その二つの思考過程は大きく異なっている。最適化は、ただ最適に活用されることのみを追求することにのみ、有益なだけである。適切さを欠き、乱用されればどうなるか、ご存知の通りである: A/Bテストが何かひどく壊れたものであるならば、それはタイタニックのデッキチェアーを手直しするのに類似している。最適化を使いたい、使いたくないに関わらず、ここに2,3のケースがある: ウィルス性サインアップ・フロー。もしあなたの現在のサインアップ・フローが、1000のサインアップを呼び物とし、3000人の人々を勧誘し、その内900人の人があなたの商品のため登録するなら、あなたはかなりviral (K=0.9)に近づく。
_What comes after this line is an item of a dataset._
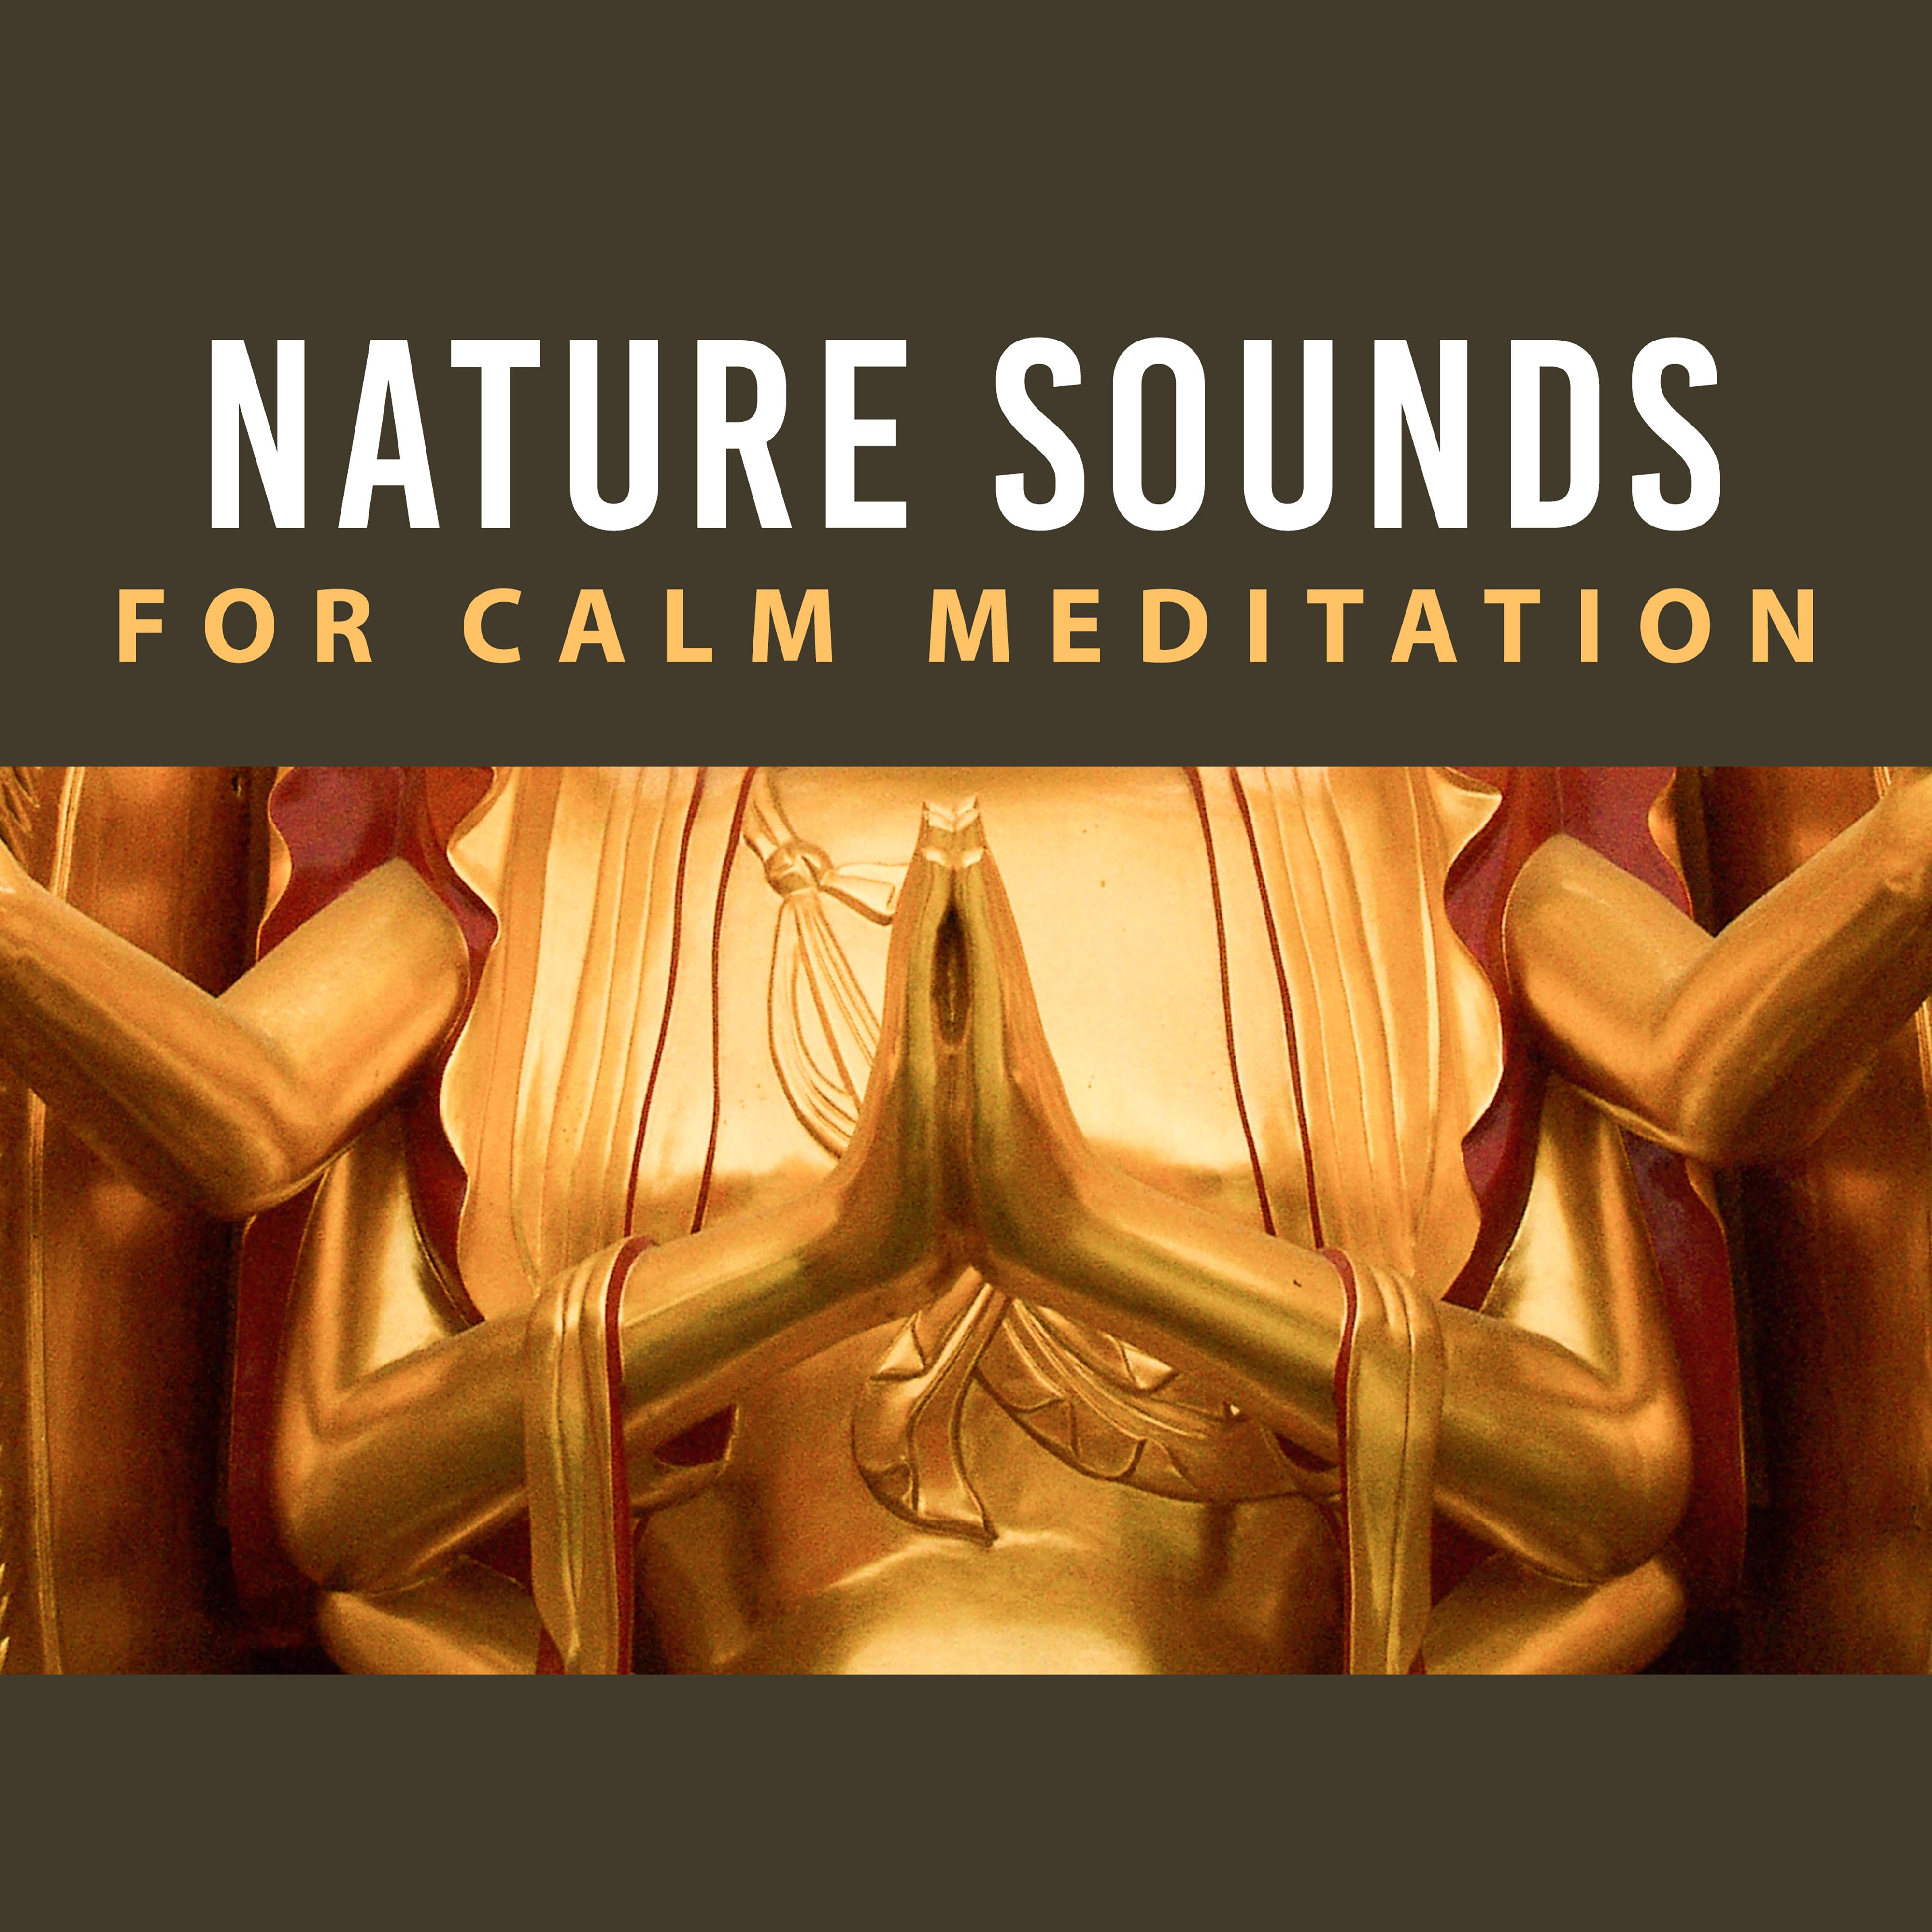 Nature Sounds for Calm Meditation – Relax with New Age, Soothing Sounds, Meditation & Relaxation, Soft Music

A/B testing would be a good use of time. If your current flow features 1000 signups inviting 600 people, 80 of whom join (K=0.08), then you aren’t in the ballpark: optimizing button text is likely a waste of time. Go bigger. Email content. Subject lines and link text can have a huge impact on email clickthrough rates. One typical example: an email with the subject “5 Embarrassing Kid Moments” gets 2.5 times as many clicks as one with the subject “The Craziest Thing My Child Has Done.” But again, being close to “good” is key: if that 2.5x is the difference between 50 clicks a week and 125 clicks a week, does it matter? If it doesn’t matter (and good estimation is key), no point spending time A/B testing it.